:: Raw data ::

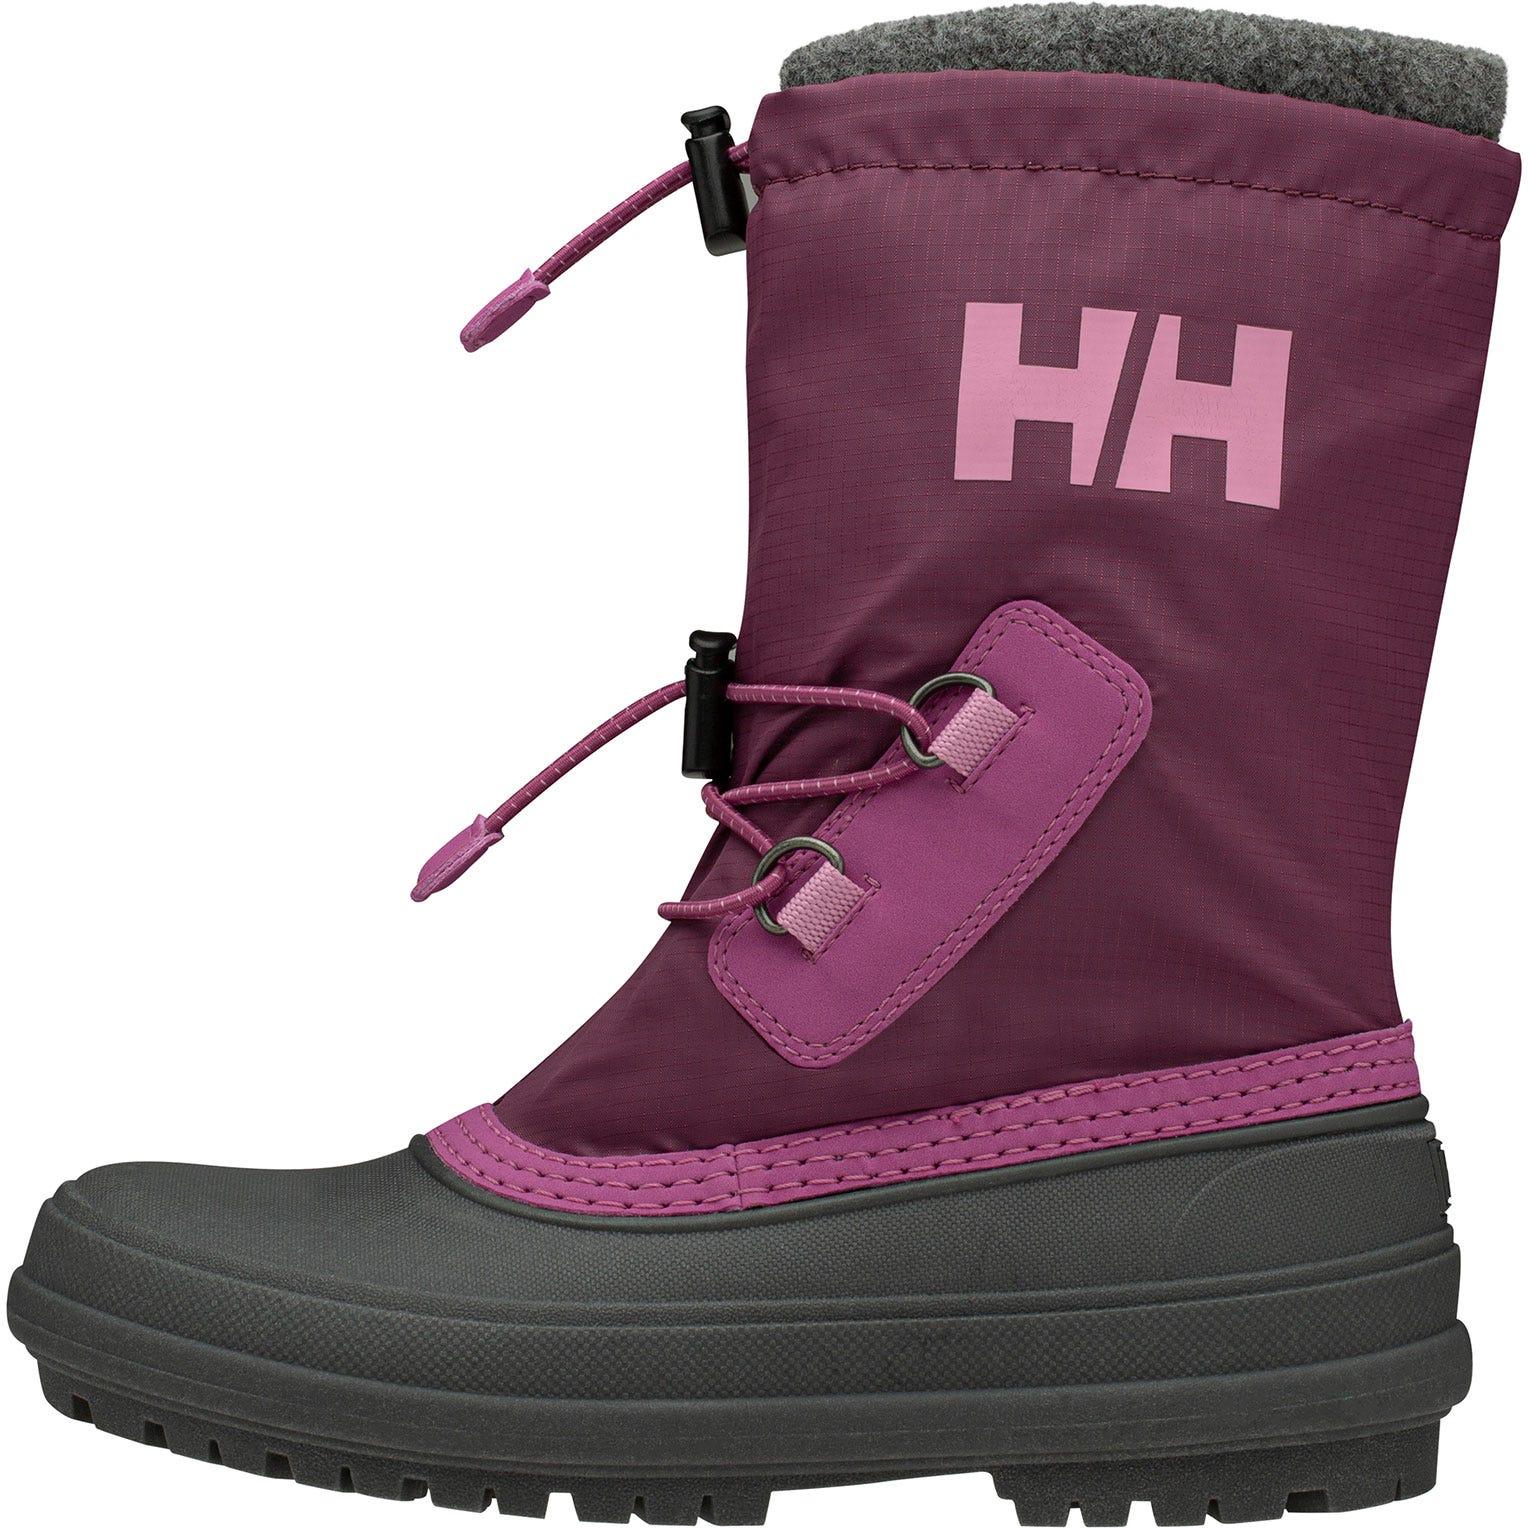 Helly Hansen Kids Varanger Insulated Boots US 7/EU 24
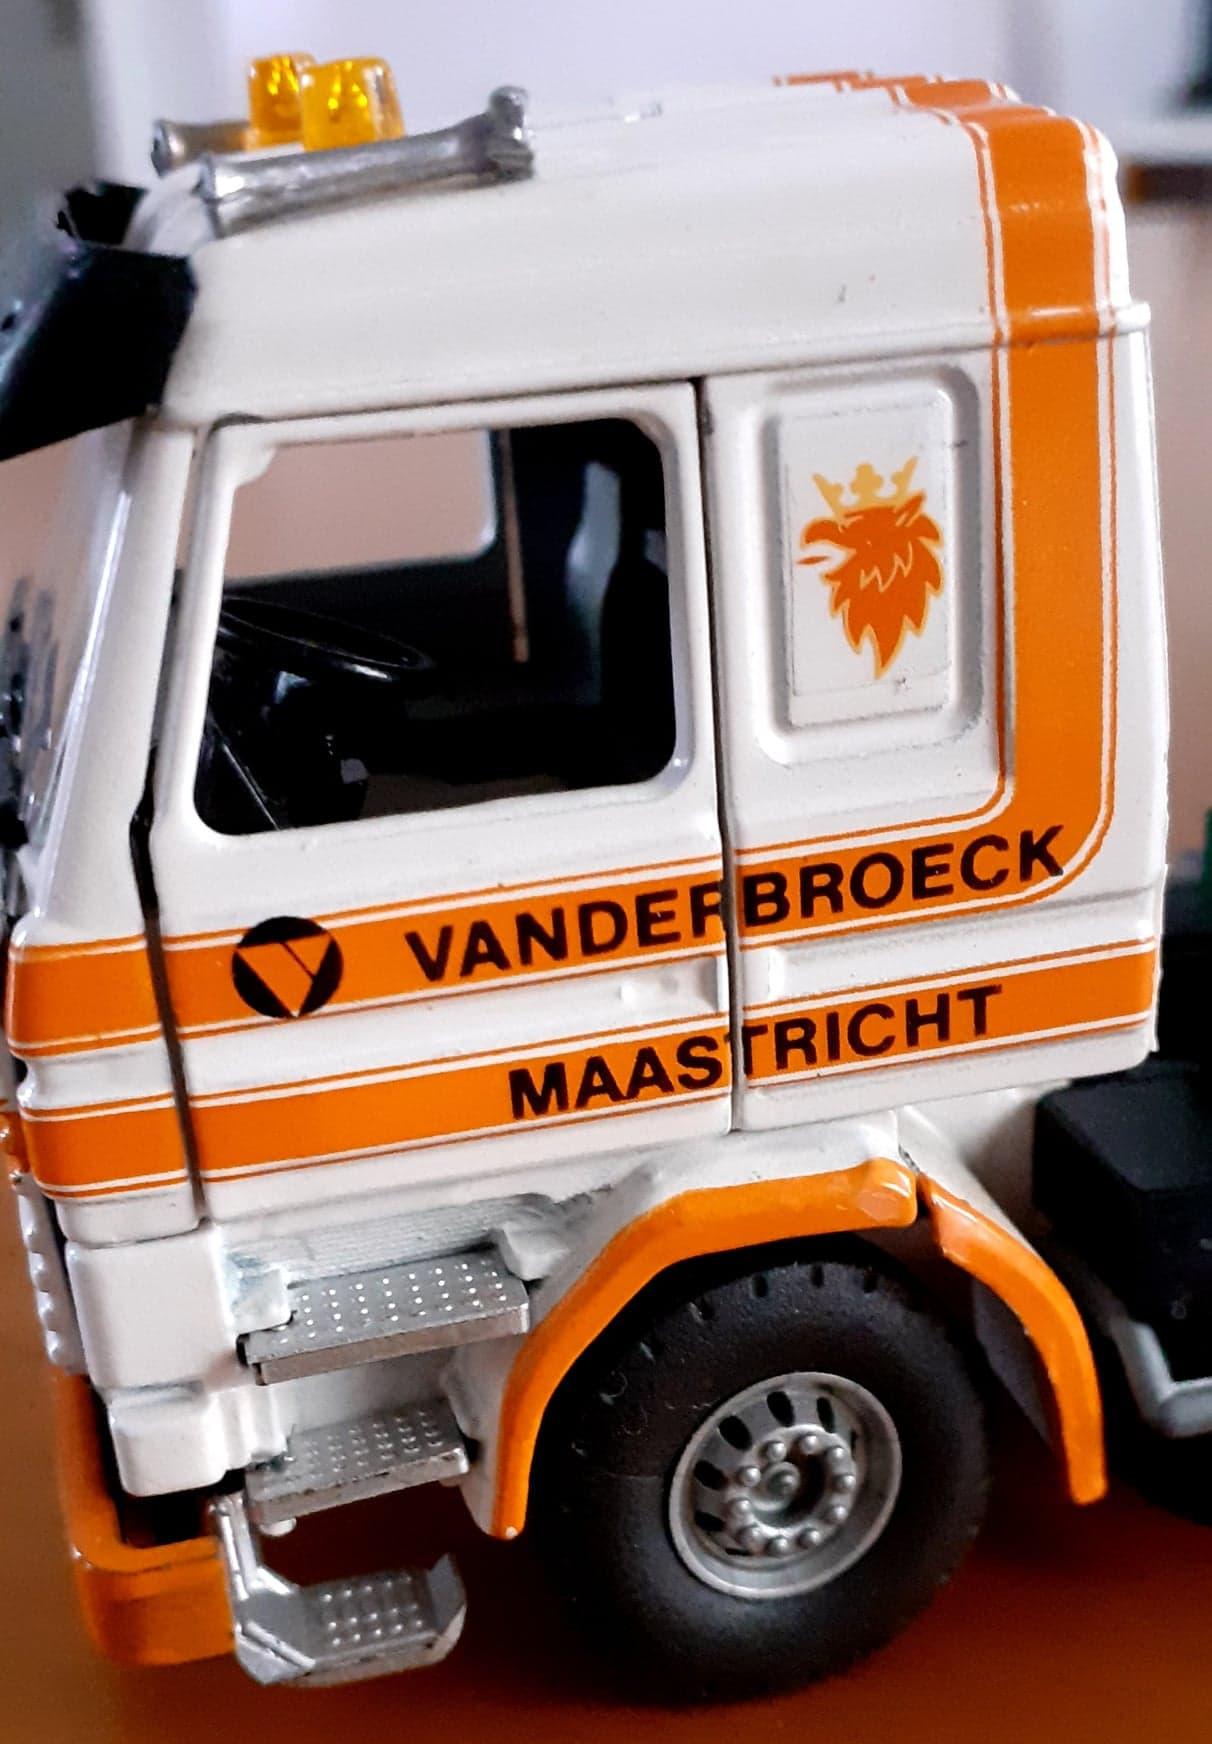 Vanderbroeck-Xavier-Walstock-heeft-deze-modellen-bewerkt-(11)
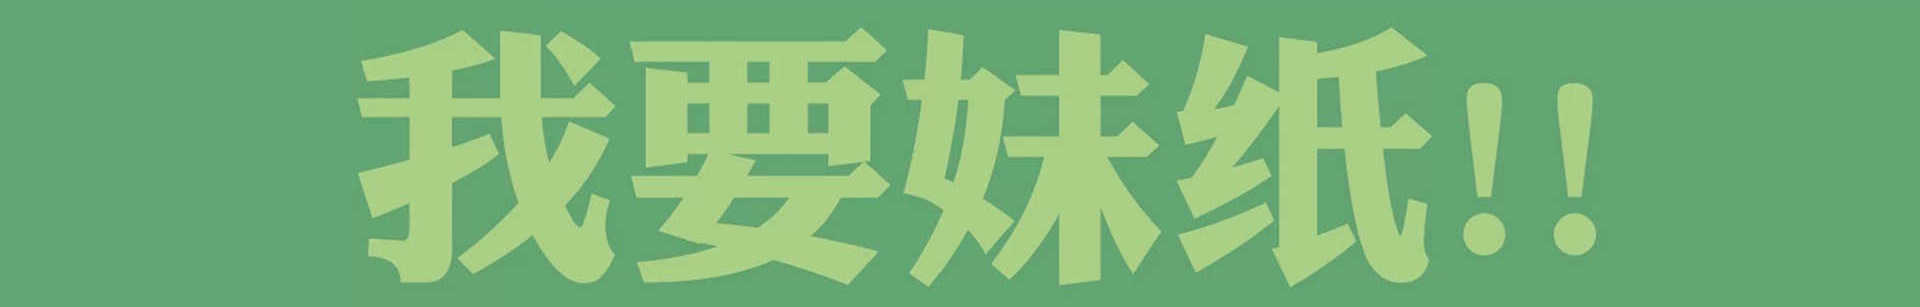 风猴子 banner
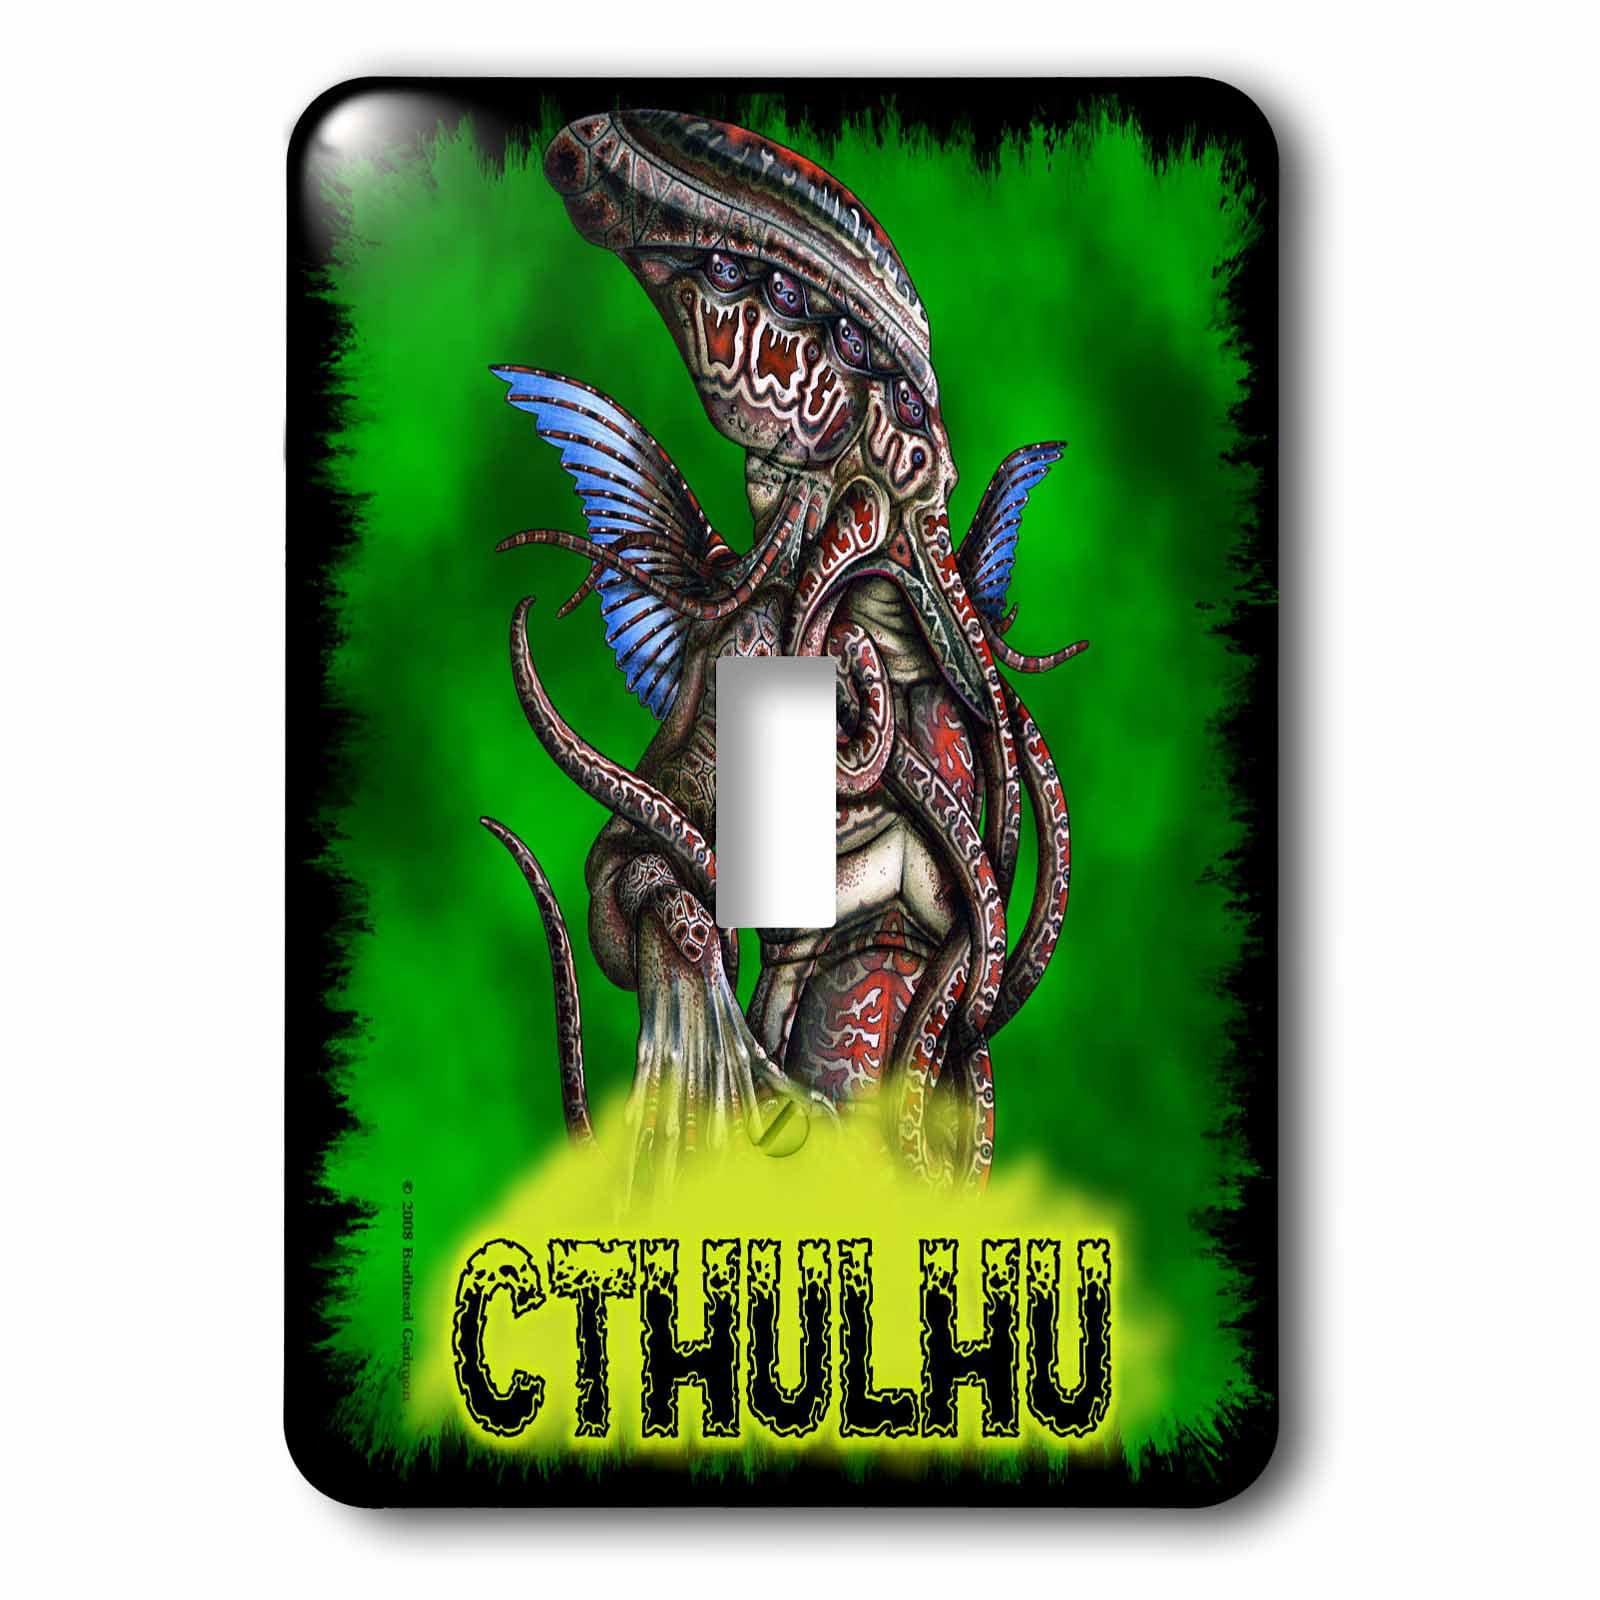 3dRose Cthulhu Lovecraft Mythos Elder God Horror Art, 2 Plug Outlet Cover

:::

• **Your goal**: Copy the listing word for word, excluding its pictures.

• **Result of the exercise**:
 Helly Hansen Kids Varanger Insulated Boots US 7/EU 24
 Vanderbroeck-Xavier-Walstock-heeft-deze-modellen-bewerkt-(11)
 风猴子 banner
 3dRose Cthulhu Lovecraft Mythos Elder God Horror Art, 2 Plug Outlet Cover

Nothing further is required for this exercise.